I bet you are saying thats easy, just go to "Add Remove",but as seen in the " Topic Description " I have already been there.

If I click on any one of the above I get the following message "Fatal Error During Installation".

I have been into the registry and deleted "Java"

I have installed and run "Wise Registry Cleaner" & "Wise Disk Cleaner" both with no effect.

I have installed and run "Slim Cleaner" again with no effect.

The latest thing that I have installed is JavaRa.zip again with no effect

All I want to do is uninstall the old version of Java so that I may install the new version

I look forward to your comments

Tony


----------



## flavallee (May 12, 2002)

If you need to resort to a manual removal of all versions, do the following:

1. Go to the *C:\Program Files* folder, then delete the entire *Java* folder.

2. Go to the *C:\Program Files\Common Files* folder, then delete the entire *Java* folder.

3. Go to the *C:\WINDOWS* folder, then delete the entire *Java* folder.

4. Go to Start - Run - REGEDIT - OK, then click the + in

HKEY_LOCAL_MACHINE
Software
Microsoft
Windows
CurrentVersion
Uninstall

Start from the top and click each folder in the "Uninstall" list until you find a *Java(TM) 6 Update* entry in the right pane. 
Right-click the folder in the "Uninstall" list that pertains to that java version, then click Delete - Yes. 
Continue down the list of folders in the "Uninstall" list until you've found and deleted the ones for all the java versions.

5. Close the registry editor, then restart the computer.

-------------------------------------------------------------

By the way, you're playing with fire by using registry cleaners.

------------------------------------------------------------


----------



## scubatony (Nov 4, 2009)

Many thanks for your advice, I will re-post on completion with my results


----------



## flavallee (May 12, 2002)

If you need to go the manual removal route, let me know if it worked.

*Java(TM) 6 Update 21* is the most current java version, so make sure to reinstall it after you clean out all the java versions and do a restart.

---------------------------------------------------------------

I like your "Scuba Buddy" avatar.

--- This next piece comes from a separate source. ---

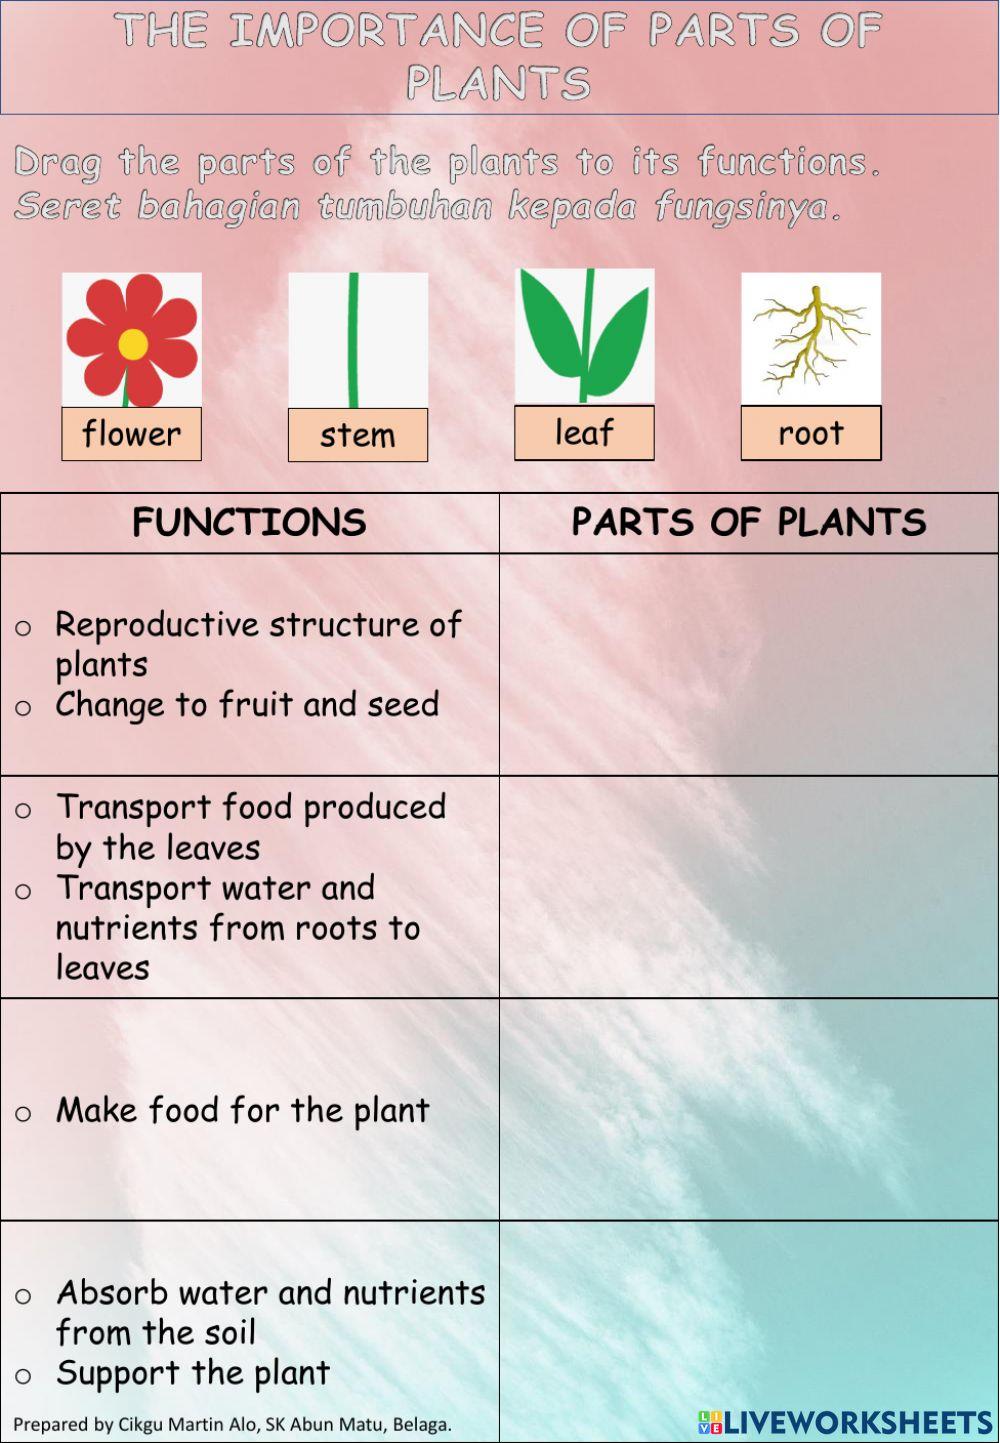 The Importance of Parts of Plants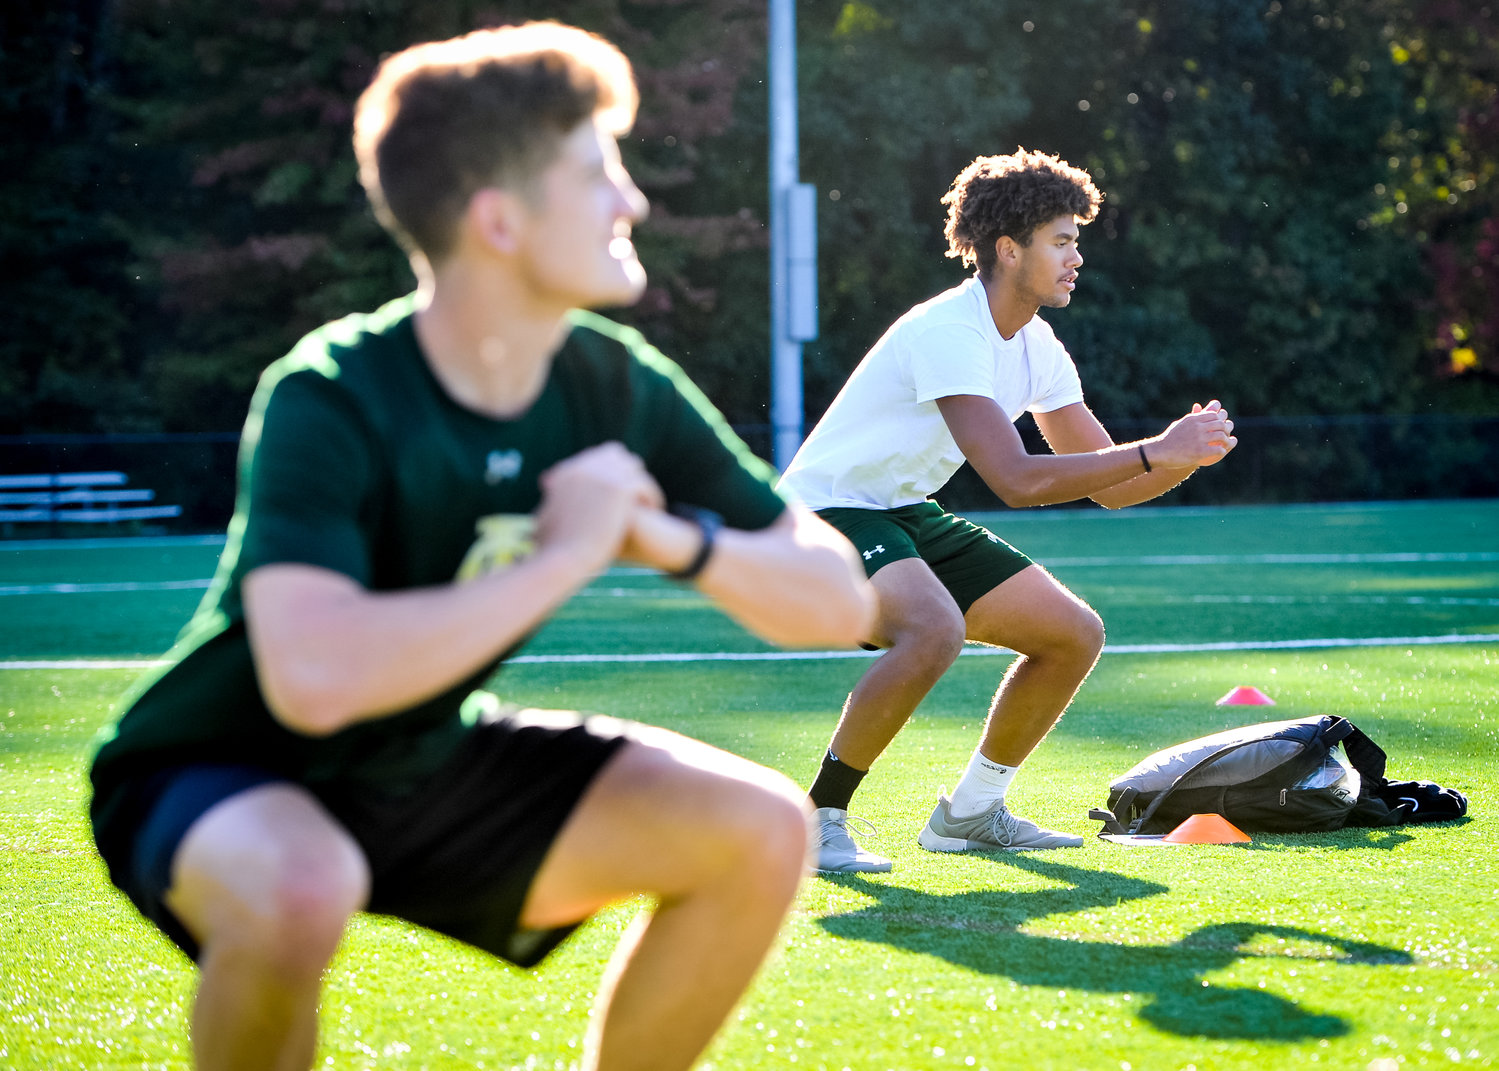 Danny Swope (foreground) and Josh Leedy (background) engaged in training sessions.

I dived and explored underwater caves for 21 years until I gave it up 3 years ago.

---------------------------------------------------------------


----------



## scubatony (Nov 4, 2009)

flavallee said:


> If you need to resort to a manual removal of all versions, do the following:
> 
> 1. Go to the *C:\Program Files* folder, then delete the entire *Java* folder.
> 
> ...


Hi There

Thanks for the tip,BUT reference C:\ I have already been there and reference regedit I had already done that but thought I would follow that path as described by you.

Result: I am still in the same position.

I have found that if I go and delve into the Java site I can get it removed but at a price !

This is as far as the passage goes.